*** Task material Section Begins ***
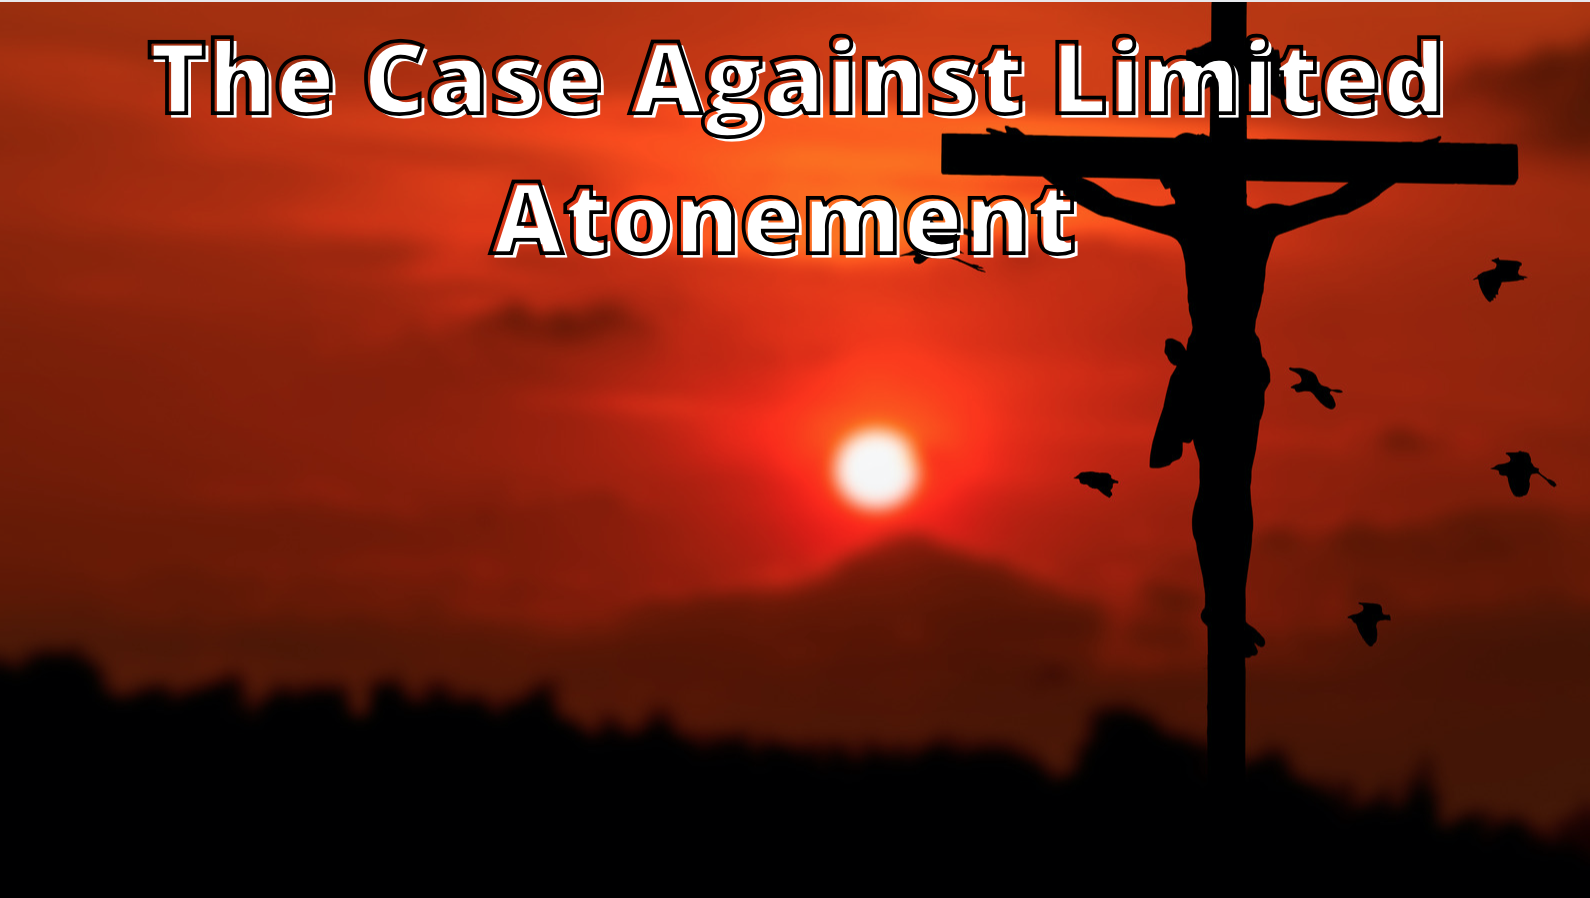 The Case Against Limited Atonement
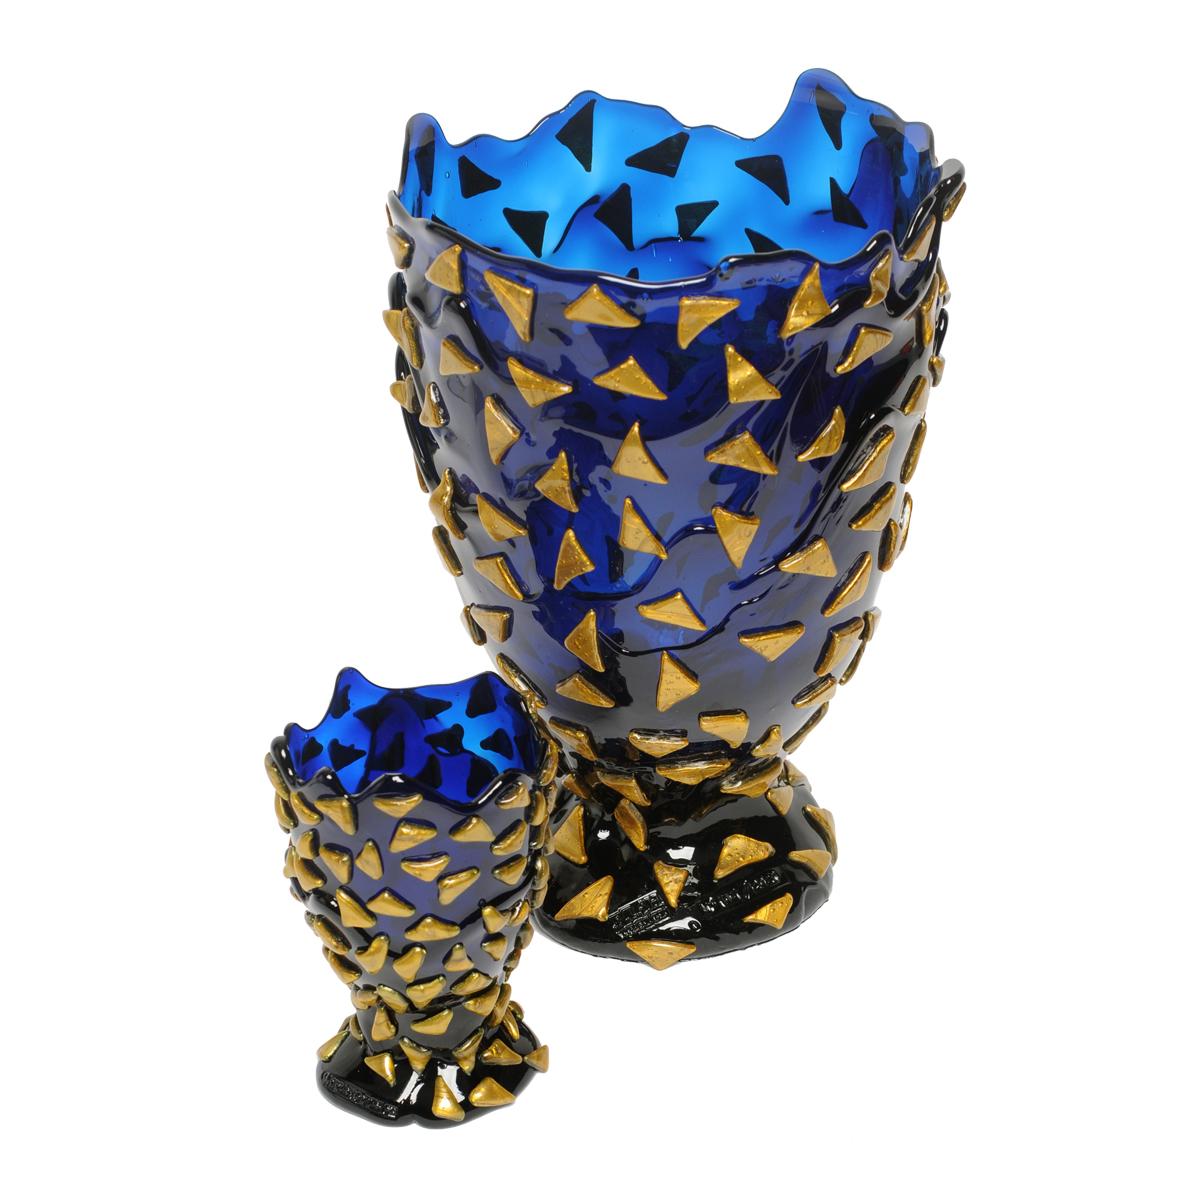 Starry Night vase - Blue and gold.

Vase in soft resin designed by Gaetano Pesce in 1995 for Fish Design collection.

Measures: L - Ø 22cm x H 36cm

Dimensions Available:
S - ø 10.5cm x H 19cm
M - ø 16cm x H 26cm
L - ø 22cm x H 36cm
XL - ø
*** Task material Section Ends ***
▶ [Work item]: Drop the pictures and copy the data exactly.

▶ [Solved exercise]:
 The Case Against Limited Atonement
 Starry Night vase - Blue and gold.

Vase in soft resin designed by Gaetano Pesce in 1995 for Fish Design collection.

Measures: L - Ø 22cm x H 36cm

Dimensions Available:
S - ø 10.5cm x H 19cm
M - ø 16cm x H 26cm
L - ø 22cm x H 36cm
XL - ø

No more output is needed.